Bryan Mulhern, a councillor for Swale, a location used in the series, said: “I generally believe no publicity is bad publicity but it would be a good idea for the producers to screen it for local people and explain why they picked Faversham.”

Tony Grisoni, Southcliffe writer, said: “Southcliffe is a fictional market town inhabited by fictional characters, but with similarities to many actual people and places in Britain today.”

Grisoni, who previously wrote Channel 4’s hard-hitting Red Riding Trilogy, added: “Rather than analyse or moralise about our characters’ actions, we share in them.”

Sean Durkin, Southcliffe director, said he had immersed himself in Faversham to help create the drama’s atmosphere of foreboding. “It was about spending time in the area where we were shooting to see what it felt like to sit in a pub there, what it felt like to walk down the street.
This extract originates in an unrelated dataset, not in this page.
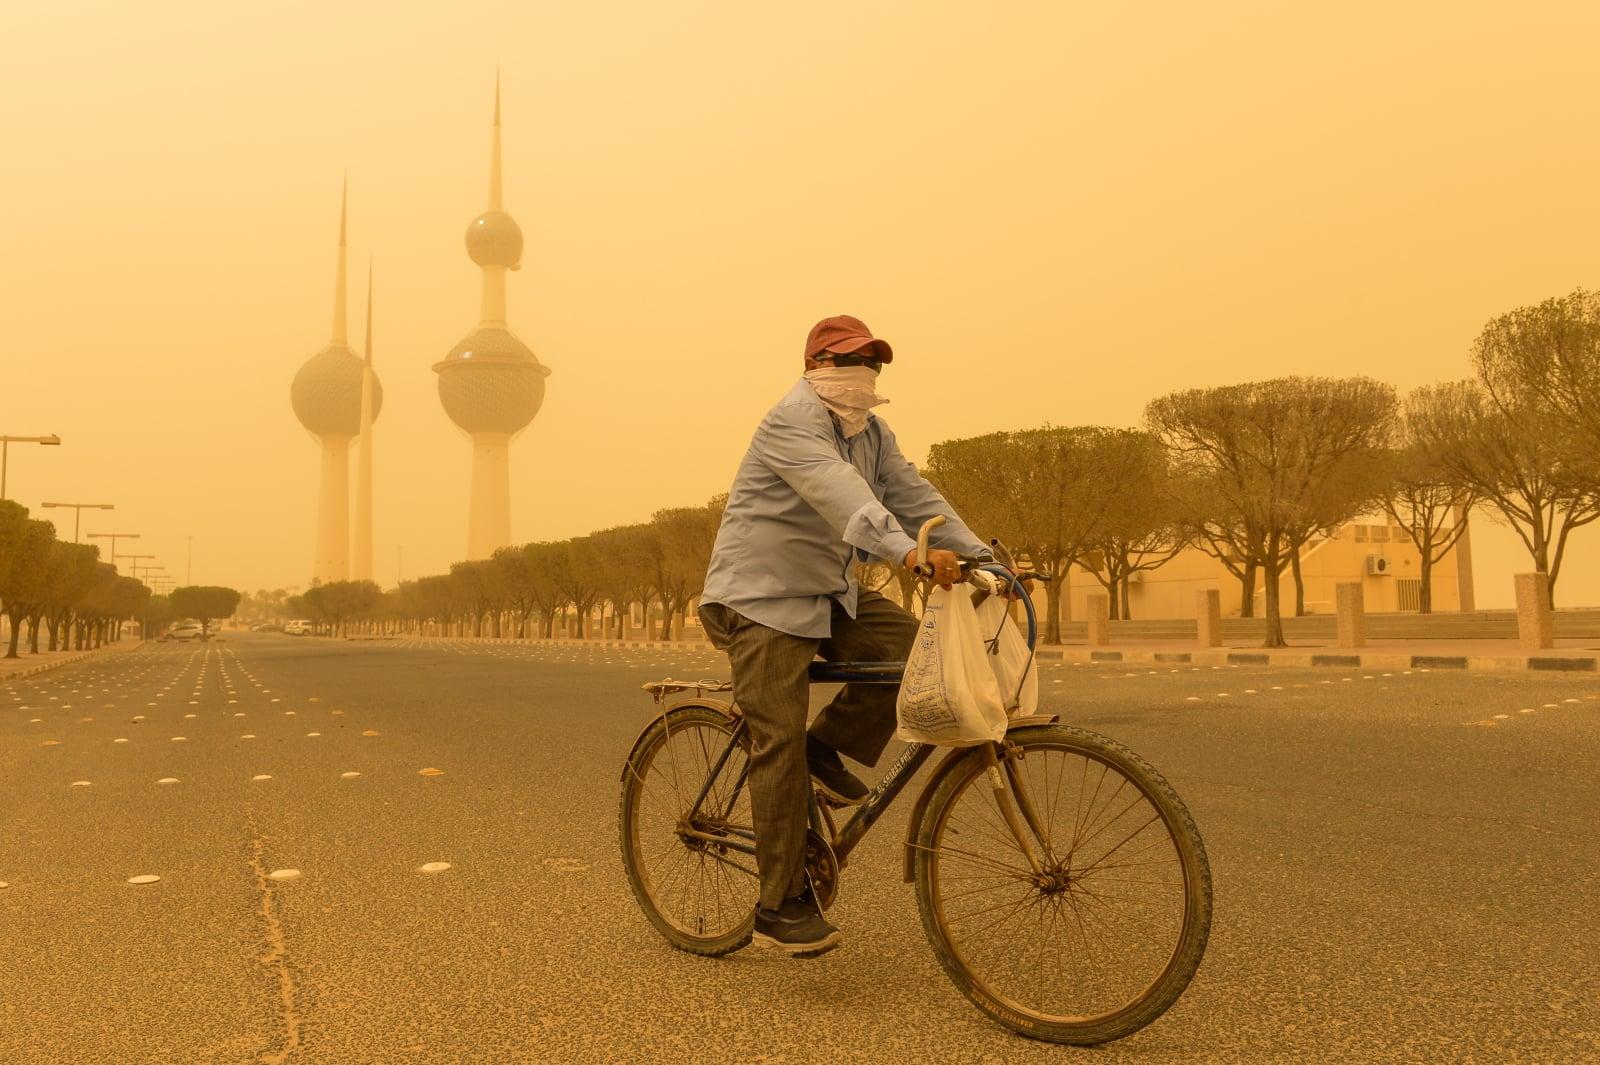 Ciężka burza piaskowa w Kuwejcie, fot. EPA/NOUFAL IBRAHIM

There was a palpable atmosphere.”

But Southcliffe was “about how a fictional small town is affected by a tragic event, a shooting. It’s not the story of the killer, it’s the story of the journalist (Kinnear) who goes back to Southcliffe to report on the tragedy and also it’s about the people left behind, the community.”

Sean Harris, who plays the taciturn former solider, marginalised by the local community, said: “I come from a place like that, I knew that mentality, seeing people exhausted by life and what that does to you.”
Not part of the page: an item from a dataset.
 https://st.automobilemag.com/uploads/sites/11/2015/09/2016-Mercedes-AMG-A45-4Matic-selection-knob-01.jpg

Kinnear admitted he had qualms about the role. He said: “The first draft I read was even more brutal. My first response was, ‘God, This is kind of amazing, but who wants to watch this?’”

Faversham does have a murderous history. In 1551, Thomas Arden, the Mayor of Faversham, was killed by his wife and his lover in the family parlour, a murder which inspired the first English domestic drama, Arden of Faversham.

Before Southcliffe, Faversham’s claim to fame was the establishment of Britain’s first gunpowder plant in the 16th century.